Berlin-based Dutch conceptual artist Harm van den Dorpel investigates how algorithms can guide aesthetic decision-making. Whereas traditional artistic media tend to require that the artist creates work directly with their own hands, van den Dorpel works with digital archives and develops his own software. By looping continuous feedback through this software, he trains it to produce works with unpredictable aesthetic outcomes. The artist has created a digital environment where he can let programs mutate freely and use the outputs of an algorithm as input for his complex compositions that bring to the fore desired traits, the product of a painterly, subjective and labour-intensive process.
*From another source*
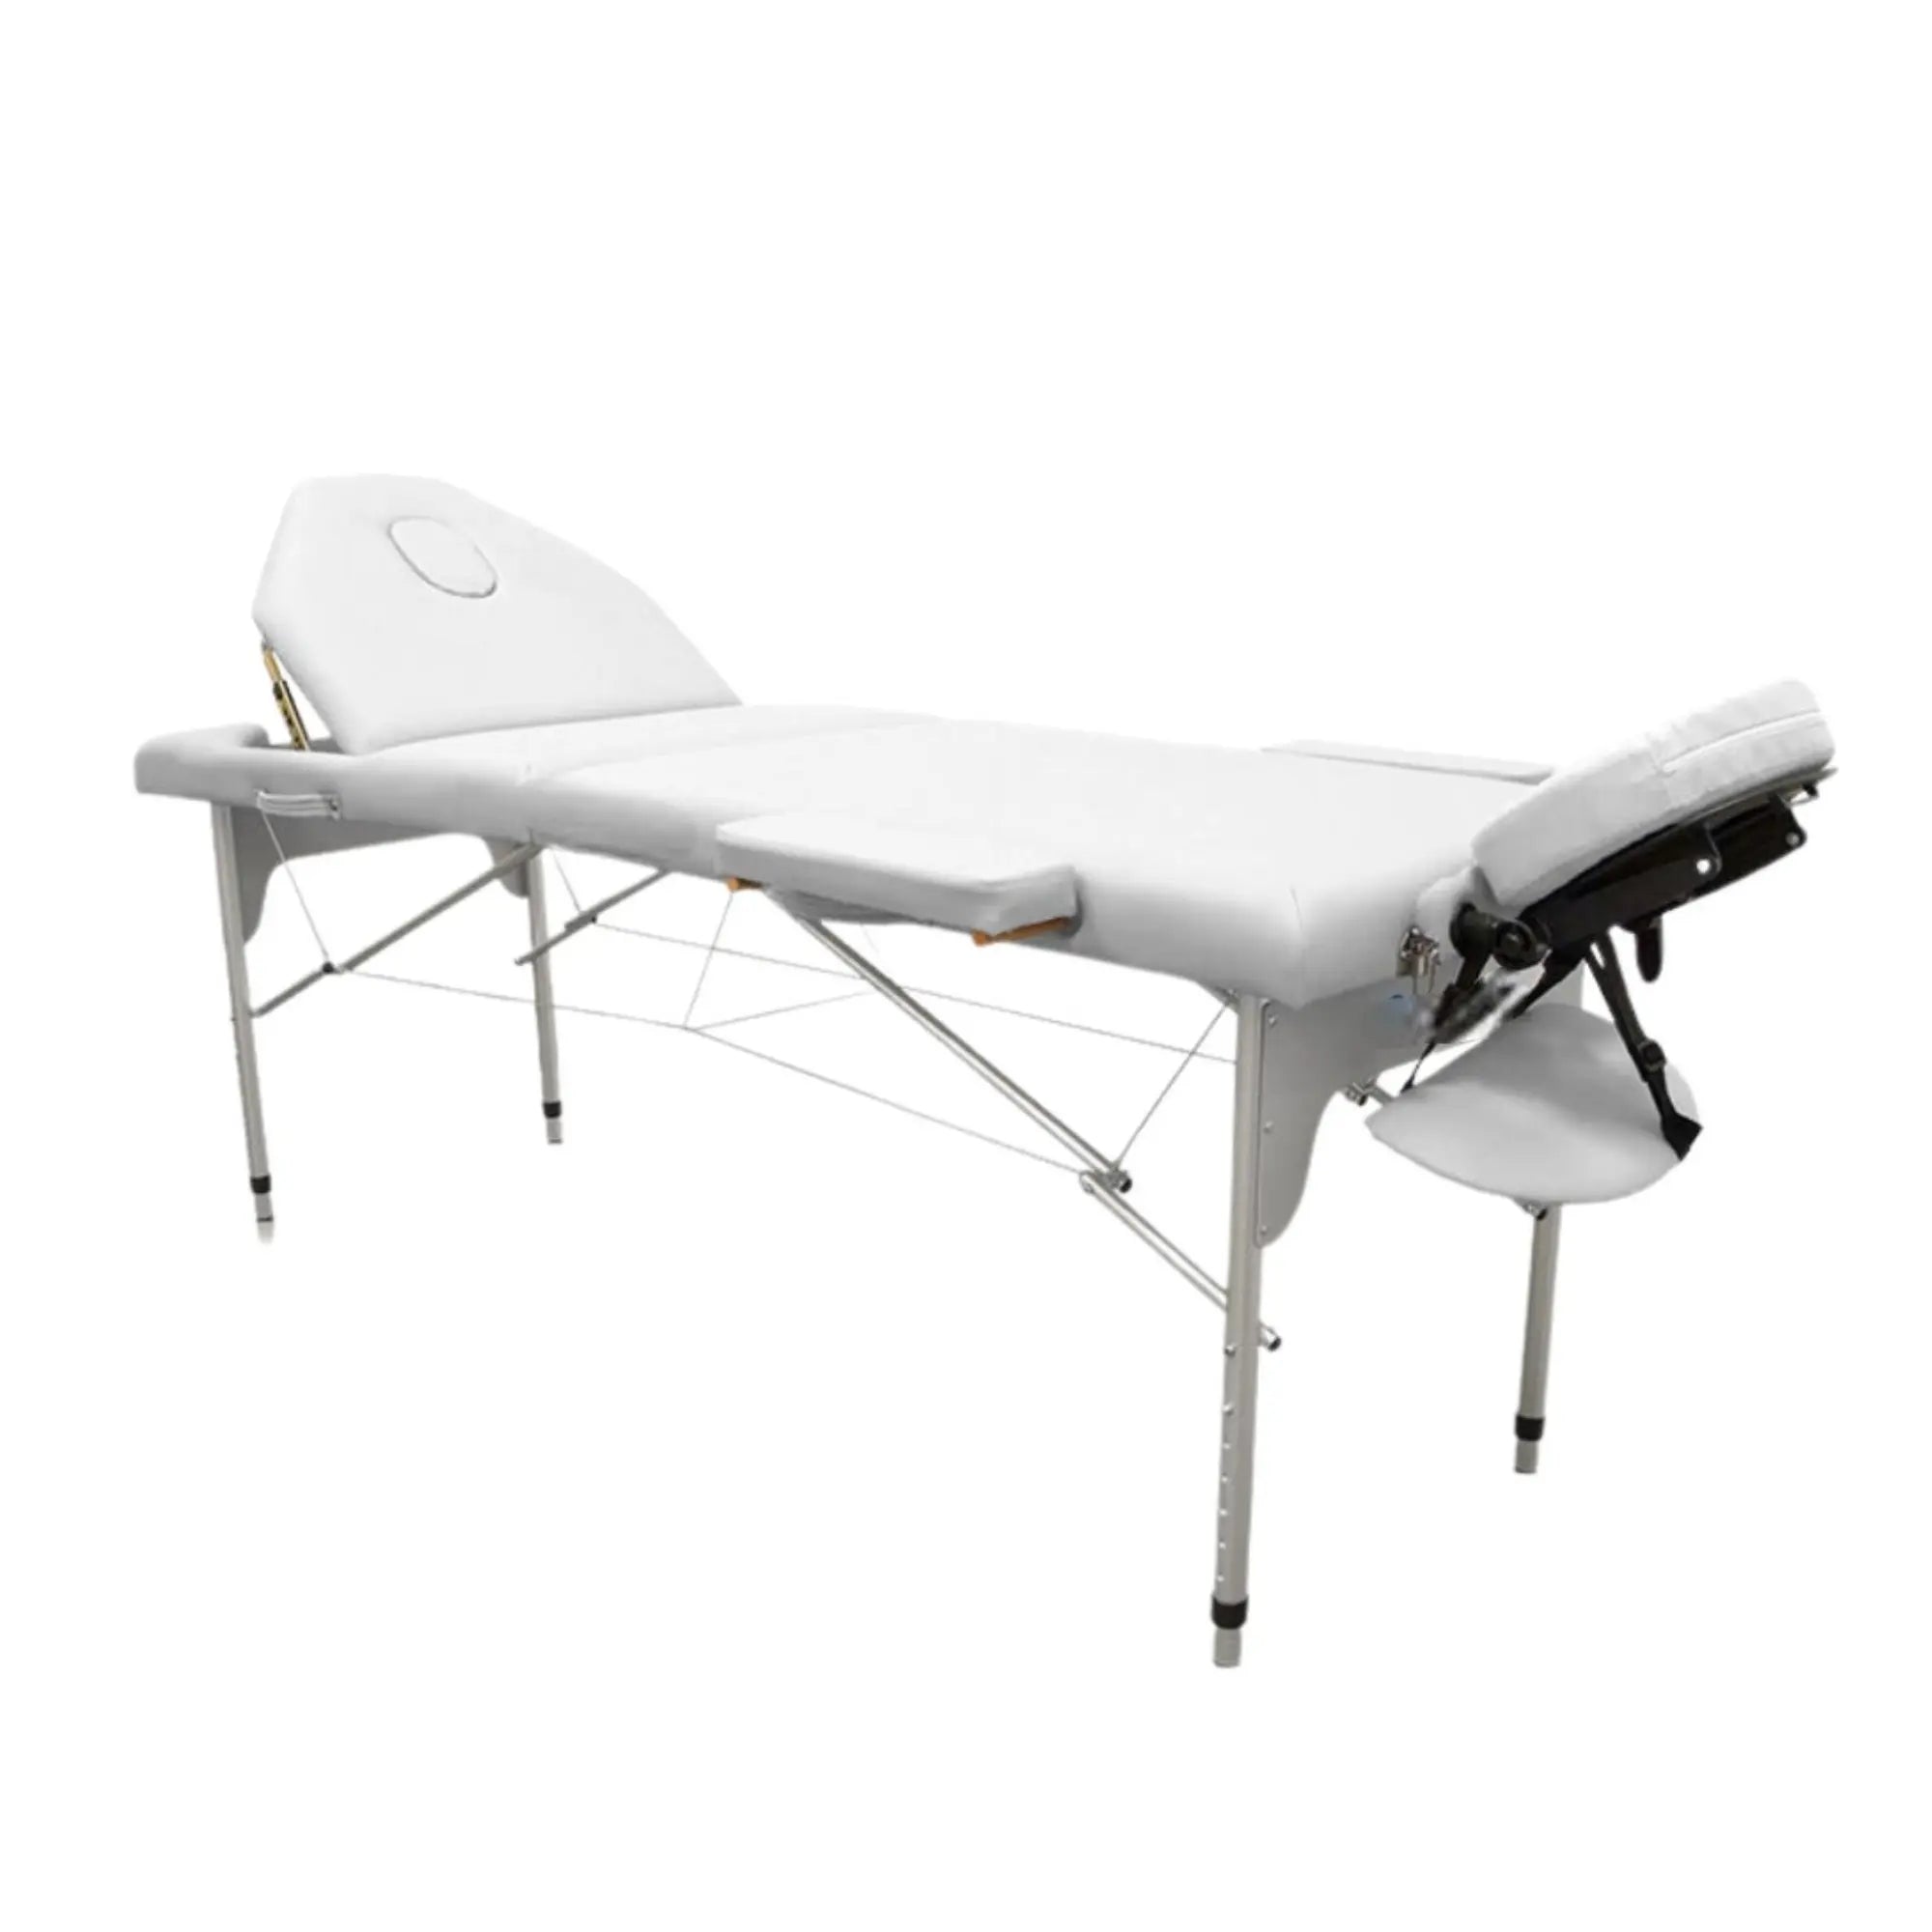 Table de massage pliante en aluminium 186 x 66 cm avec dossier inclinable - 7 coloris My Podologie
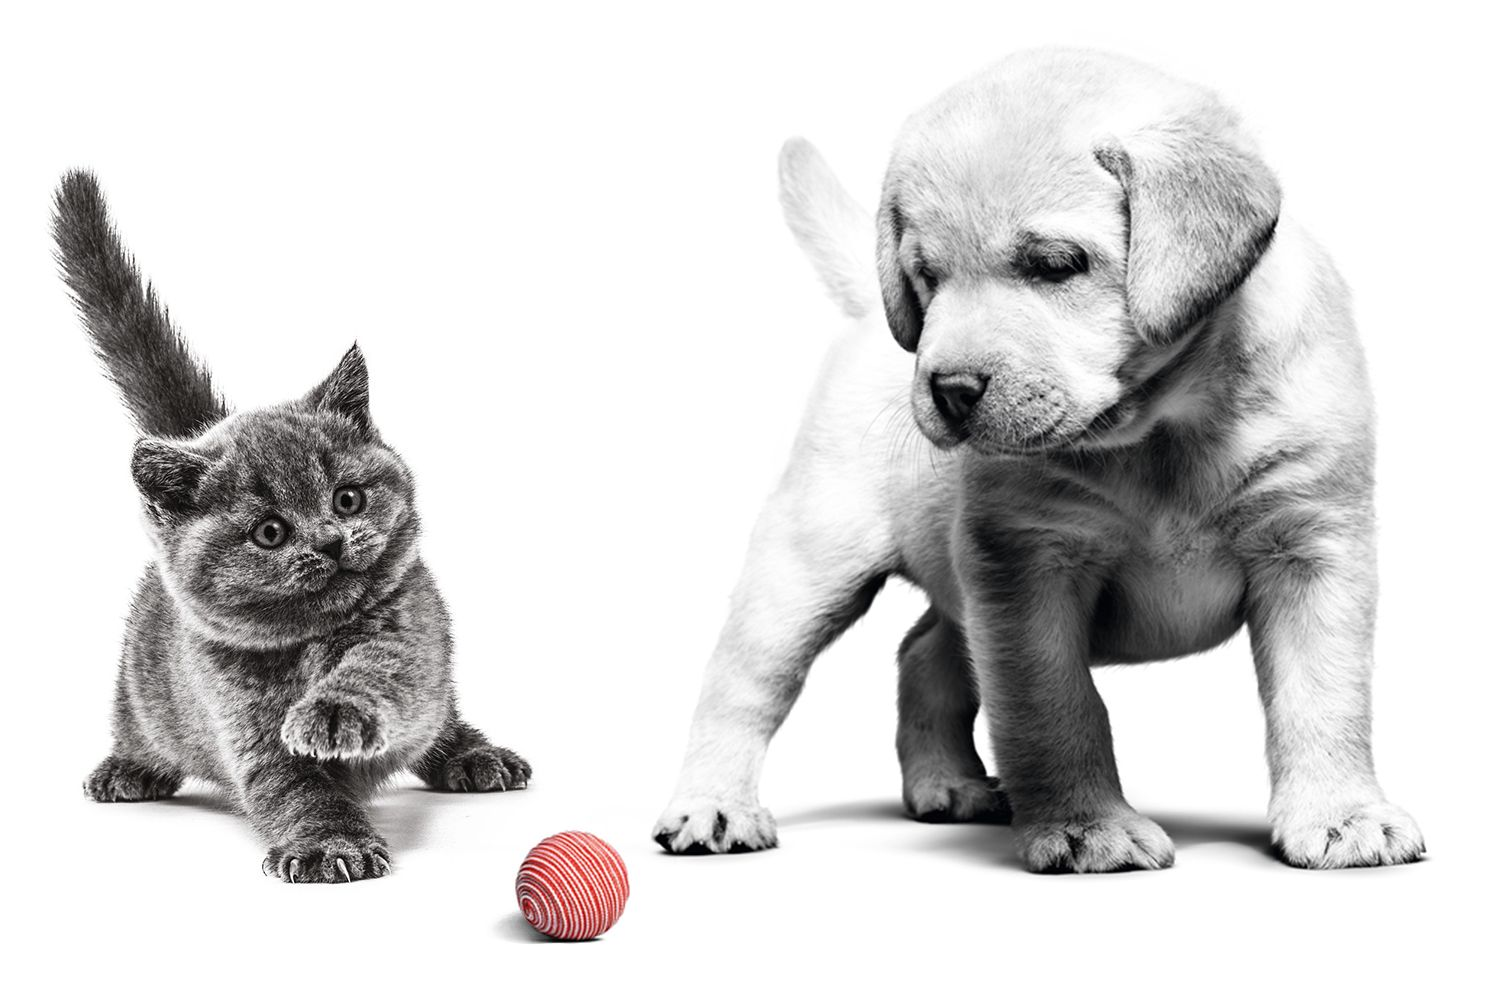 Ein Schwarzweiß-Foto eines dunklen Kätzchens und eines hellen Hundewelpen, die nebeneinanderstehen. Das Kätzchen hat eine Vorderpfote erhoben, der Hundewelpe schaut auf einen zwischen ihnen liegenden roten Ball

Finally, in a departure from worldly matters, the artwork Rotating Space by Andreas Zybach alludes to the quest in Space research to develop a space station that, by rotating on its own axis, creates gravitational conditions similar to those on Earth. The aim is to overcome the adverse effects of weightlessness in Space on human health; and even enable the use of soil, water and seeds to recreate in Space something like the environment to which we have grown accustomed on Earth. The work was first exhibited as part of a series at Munich’s Old Botanical Garden.
Thus we return to the "environmental": a word rooted in the Old French viron, which means a circle, and derived from vir(er), which means to turn and provides the root of the modern English word "veer", meaning to change direction. Knowing that the direction of innovation is constantly changing, what do you imagine the future of technology might hold, as connections between art and innovation deepen?